| Exercise instructions |
Stop after the line containing "Modern Cannabis Leaf"; retype every line of the data before it exactly, starting from the first.

Source data

===

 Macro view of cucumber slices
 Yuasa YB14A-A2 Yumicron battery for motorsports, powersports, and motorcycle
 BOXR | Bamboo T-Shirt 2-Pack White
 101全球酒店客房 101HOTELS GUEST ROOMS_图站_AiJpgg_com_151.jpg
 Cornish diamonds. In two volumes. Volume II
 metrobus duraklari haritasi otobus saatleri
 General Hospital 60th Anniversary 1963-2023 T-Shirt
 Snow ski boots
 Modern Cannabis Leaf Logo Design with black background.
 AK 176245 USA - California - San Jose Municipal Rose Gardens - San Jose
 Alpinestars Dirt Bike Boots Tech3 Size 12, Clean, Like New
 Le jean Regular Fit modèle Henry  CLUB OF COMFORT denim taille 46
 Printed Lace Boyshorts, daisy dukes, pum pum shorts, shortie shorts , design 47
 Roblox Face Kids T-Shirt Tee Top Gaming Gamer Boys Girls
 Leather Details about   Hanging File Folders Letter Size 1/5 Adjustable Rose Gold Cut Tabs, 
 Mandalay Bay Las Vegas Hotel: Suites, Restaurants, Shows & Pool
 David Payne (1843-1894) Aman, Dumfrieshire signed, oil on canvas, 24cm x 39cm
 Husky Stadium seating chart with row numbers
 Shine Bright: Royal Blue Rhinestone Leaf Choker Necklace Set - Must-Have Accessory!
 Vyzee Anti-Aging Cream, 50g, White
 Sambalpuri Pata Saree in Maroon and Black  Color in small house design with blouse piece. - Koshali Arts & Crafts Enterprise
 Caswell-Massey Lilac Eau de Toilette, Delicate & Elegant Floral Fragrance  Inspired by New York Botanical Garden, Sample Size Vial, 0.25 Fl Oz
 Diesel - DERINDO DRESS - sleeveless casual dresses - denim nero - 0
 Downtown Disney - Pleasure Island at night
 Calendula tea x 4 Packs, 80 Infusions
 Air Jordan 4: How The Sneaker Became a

===

| Written solution |
 Macro view of cucumber slices
 Yuasa YB14A-A2 Yumicron battery for motorsports, powersports, and motorcycle
 BOXR | Bamboo T-Shirt 2-Pack White
 101全球酒店客房 101HOTELS GUEST ROOMS_图站_AiJpgg_com_151.jpg
 Cornish diamonds. In two volumes. Volume II
 metrobus duraklari haritasi otobus saatleri
 General Hospital 60th Anniversary 1963-2023 T-Shirt
 Snow ski boots
 Modern Cannabis Leaf Logo Design with black background.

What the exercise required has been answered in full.